I never complain about emailing results - That's the fastest easiest way to submit results.


----------



## G 3

PropPresPro said:


> I never complain about emailing results - That's the fastest easiest way to submit results.


Absolutely. Zip it n ship it.


----------



## Fantasticfordme

I agree..but you would be a bit perplexed if after you emailed the pictures and invoices to their contact as directed because their site is down on Friday, you get another email on Monday from contact person that you need to upload them on their website, which did finally work..Probably get hit with late fees now...Hope it all works out...


----------



## Fantasticfordme

Update on Single Source: Paid in full for initial services completed, exactly 30 days and every penny. Now 15 days on recurring services, so I would say my experience to date has been positive. No picture nitpicking (have to label all the pics, but if it keeps them happy than a little extra typing is OK!)Office staff is helpful, seem on the ball not the typical bored cubical farmers.


----------



## emc

They are a great company to work with but the volume is really low.

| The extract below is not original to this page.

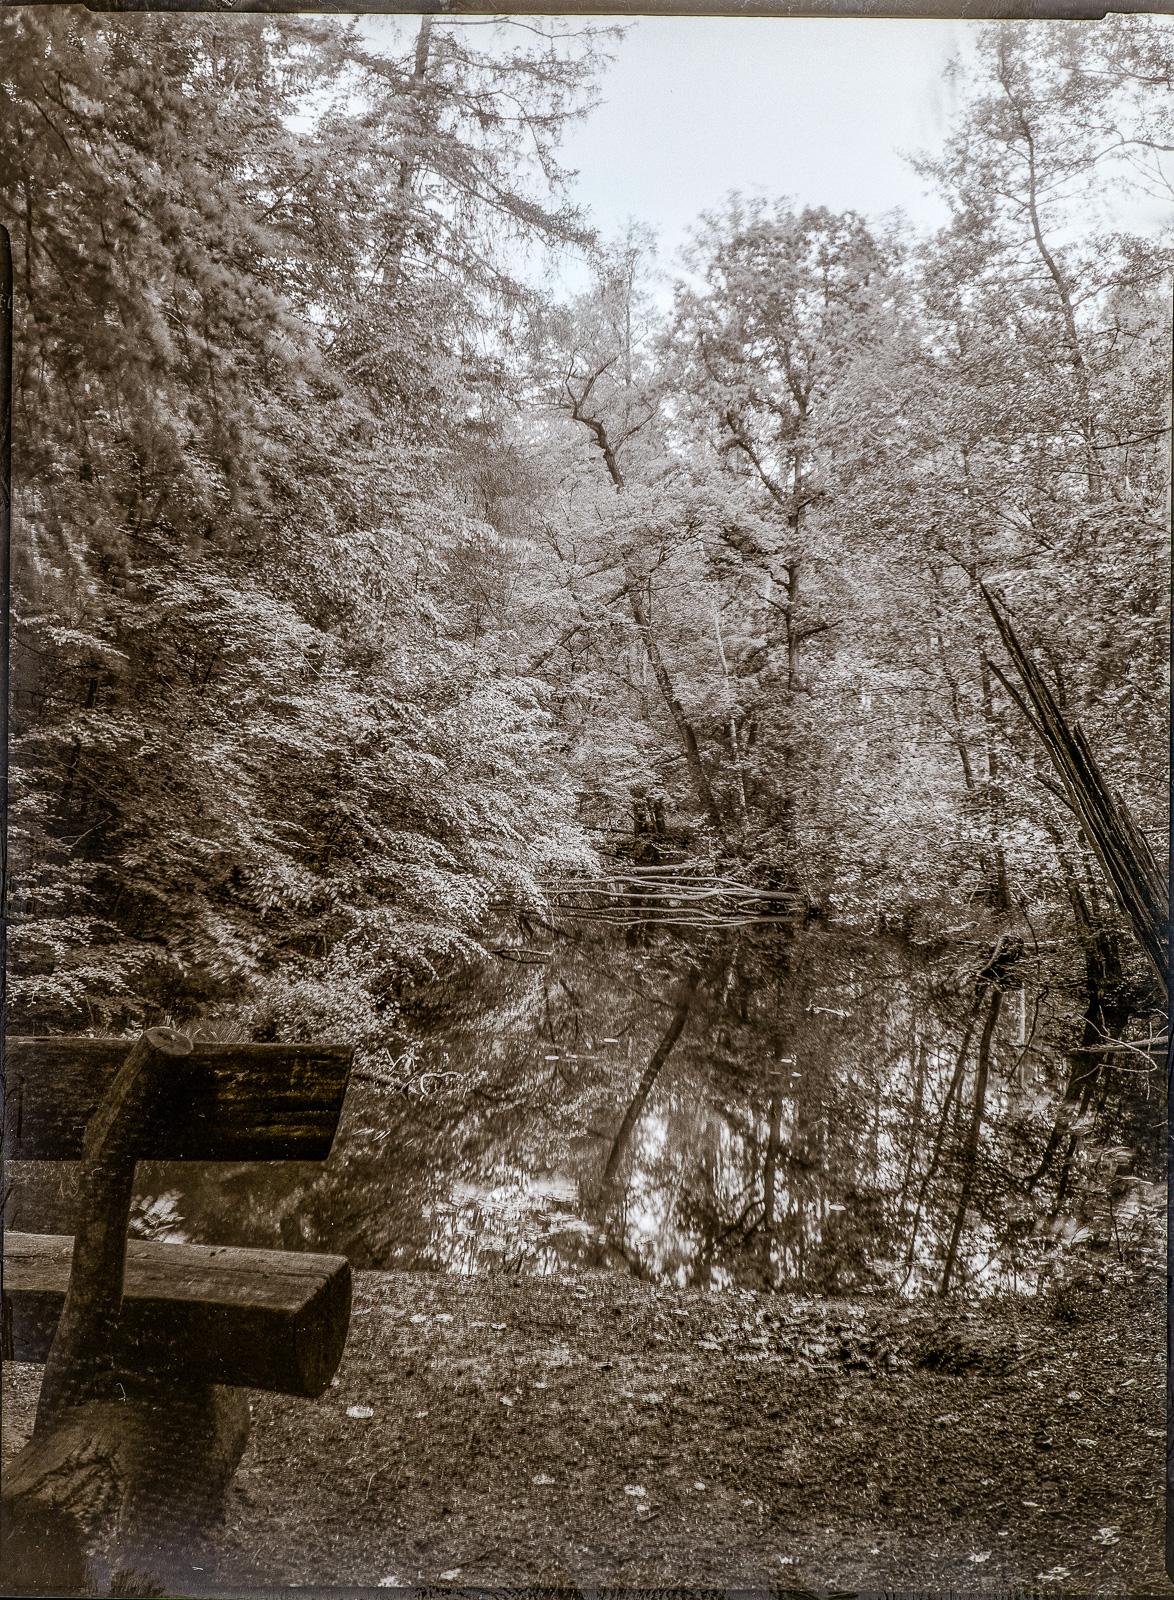 Wohldorfer Wald, Schleife der Ammersbek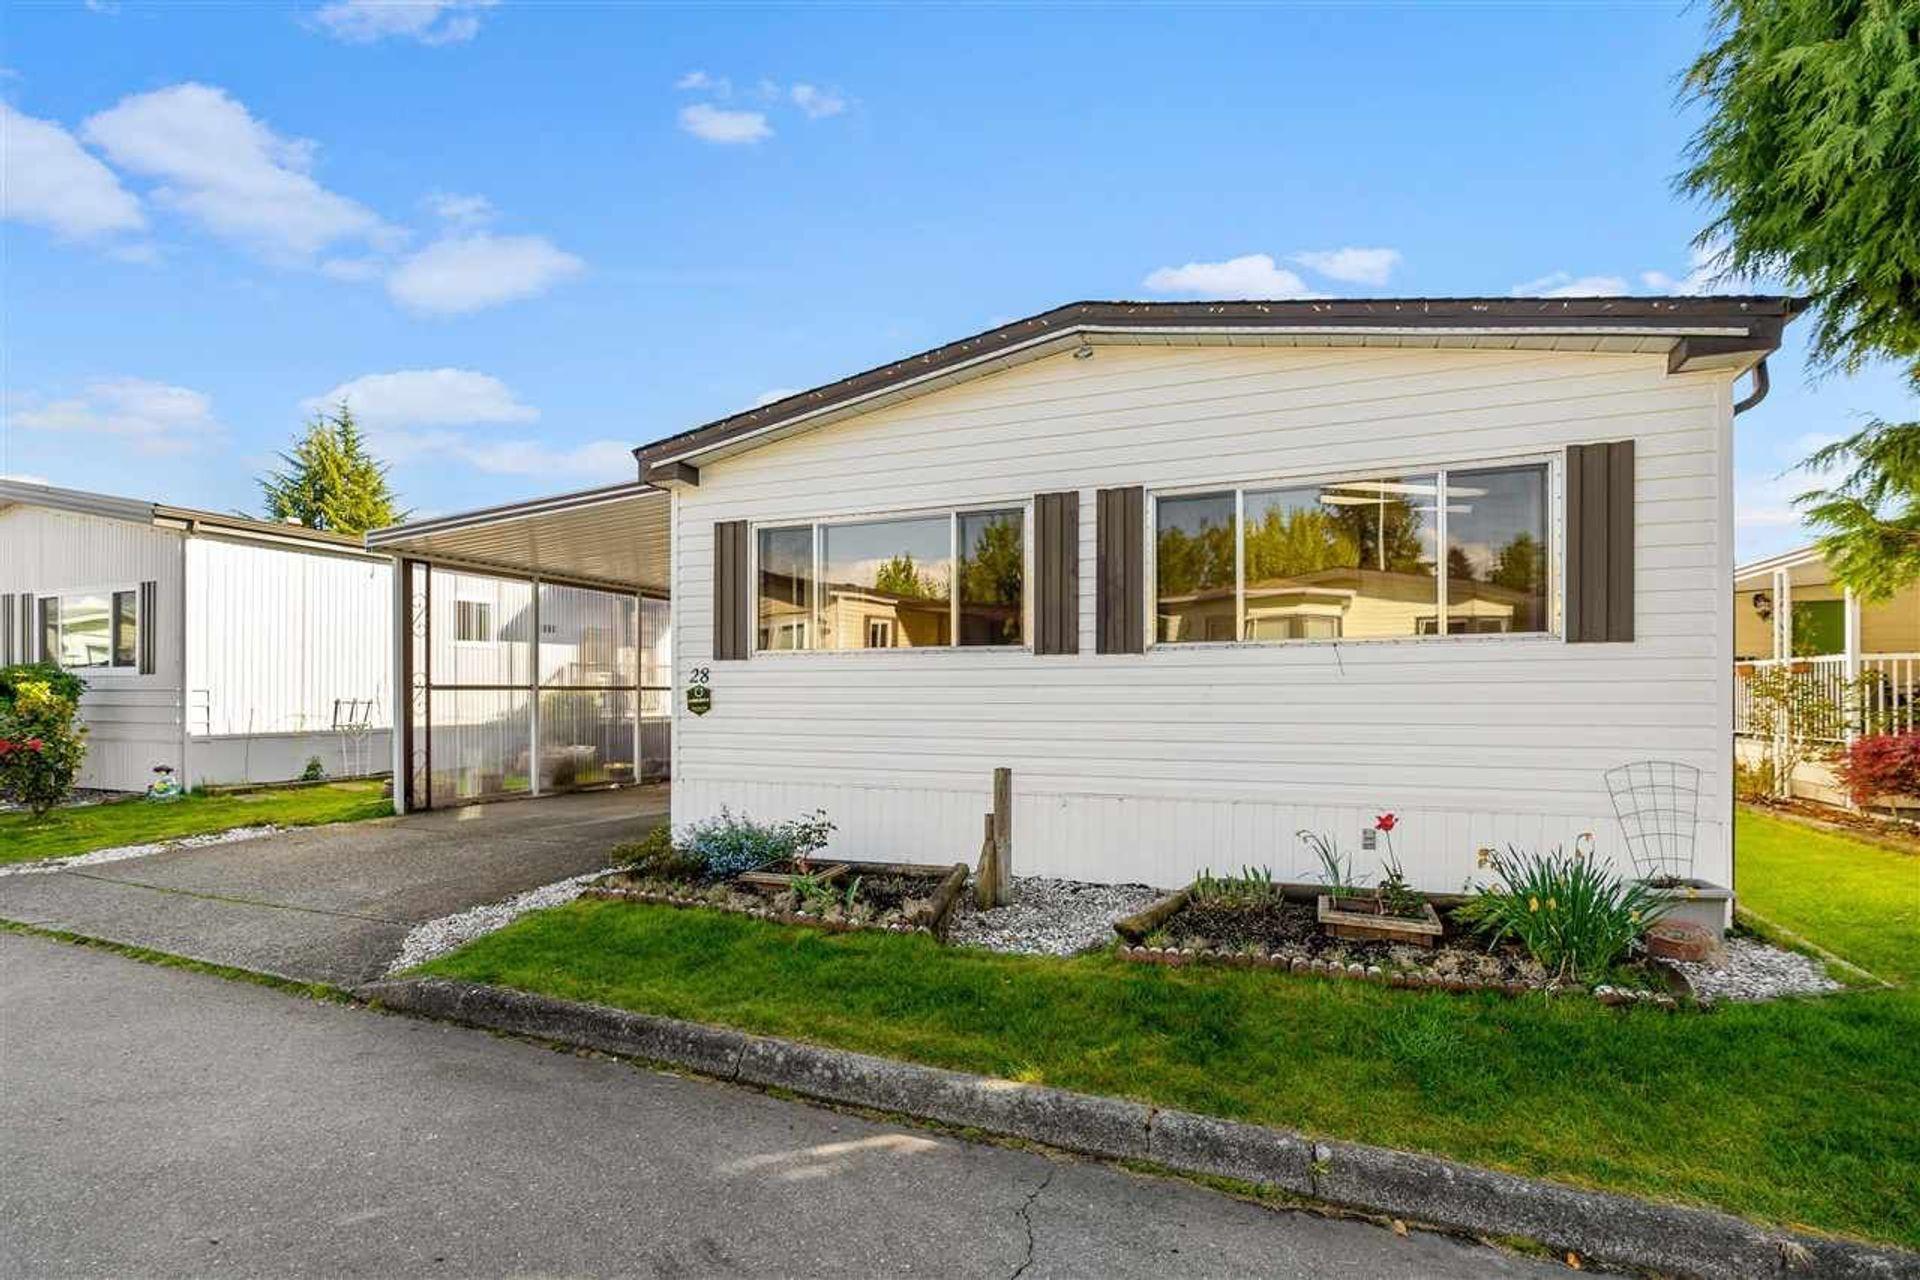 8670-156-street-fleetwood-tynehead-surrey-01-1 of 28 - 8670 156 Street, Fleetwood Tynehead, Surrey

If you don't want to upload pics one by one, zip it and upload it. I always email the zip to my rep as well... and leave her a note saying something like "in case it didn't upload here you go".

They don't work weekends and the office is about dead after 5-6pm est.

No sales cleans... they are HUD direct. Google it and you can get their pricing pretty quickly that -25%. Of coarse you can bid whatever you want... but HUD will probably kick it back to you and say nope sorry.

The HUD direct pay makes them worth the trouble, definitely. Hud is $50/cy... you do the math.


----------



## Fantasticfordme

I zipped and sent by email as well, but in my case they require you to label all the pictures..how do you get around that? I also performed a sales clean for them and have bid others. I don't have much volume with them, but I wish the company that I do have volume with was as decent as they are pretty understanding and seem to understand the scope of what we do, as I stated previously not nit picking every detail and picture.


----------



## emc

Usually I sort out my pictures between tasks and put them in separate folders.

My example
Property X >> Trashout >> Before
>> During
>> After
>> Gutter Clean >> ETC...

Then I zip the entire folder tree and upload it instead of pictures, as well as email it. I also stuff the invoice in it.


----------



## Tiredoldguy

We have worked for single source for about a year. The problems I see are they try to pay fha prices on all loan types Fannie Mae etc. For example FHA $20 dollar additional locks Fannie Mae $60 each door. Fannie Mae 25 for window locks single source wants to pay $5 FHA price on and on. Its hard to get a return call when you have an issue and they do not pay a trip charge for bids and that would be Ok except many bids are never returned.


----------



## RichR

Tiredoldguy said:


> We have worked for single source for about a year. The problems I see are they try to pay fha prices on all loan types Fannie Mae etc. For example FHA $20 dollar additional locks Fannie Mae $60 each door. Fannie Mae 25 for window locks single source wants to pay $5 FHA price on and on. Its hard to get a return call when you have an issue and they do not pay a trip charge for bids and that would be Ok except many bids are never returned.



In my area, HUD is managing some of FNM's portfolio. That being said, they are going by HUD pricing as well as standards. IE: Broom swept and not full Jani. 
Also all those line items that FNM usually requires to be done at a property are not applicable and are seldom approved by HUD. 
FNM broker here isn't sure why this is going on.


----------



## Craigslist Hack

Tiredoldguy said:


> We have worked for single source for about a year. The problems I see are they try to pay fha prices on all loan types Fannie Mae etc. For example FHA $20 dollar additional locks Fannie Mae $60 each door. Fannie Mae 25 for window locks single source wants to pay $5 FHA price on and on. Its hard to get a return call when you have an issue and they do not pay a trip charge for bids and that would be Ok except many bids are never returned.


It should be $60.00 per lock.


----------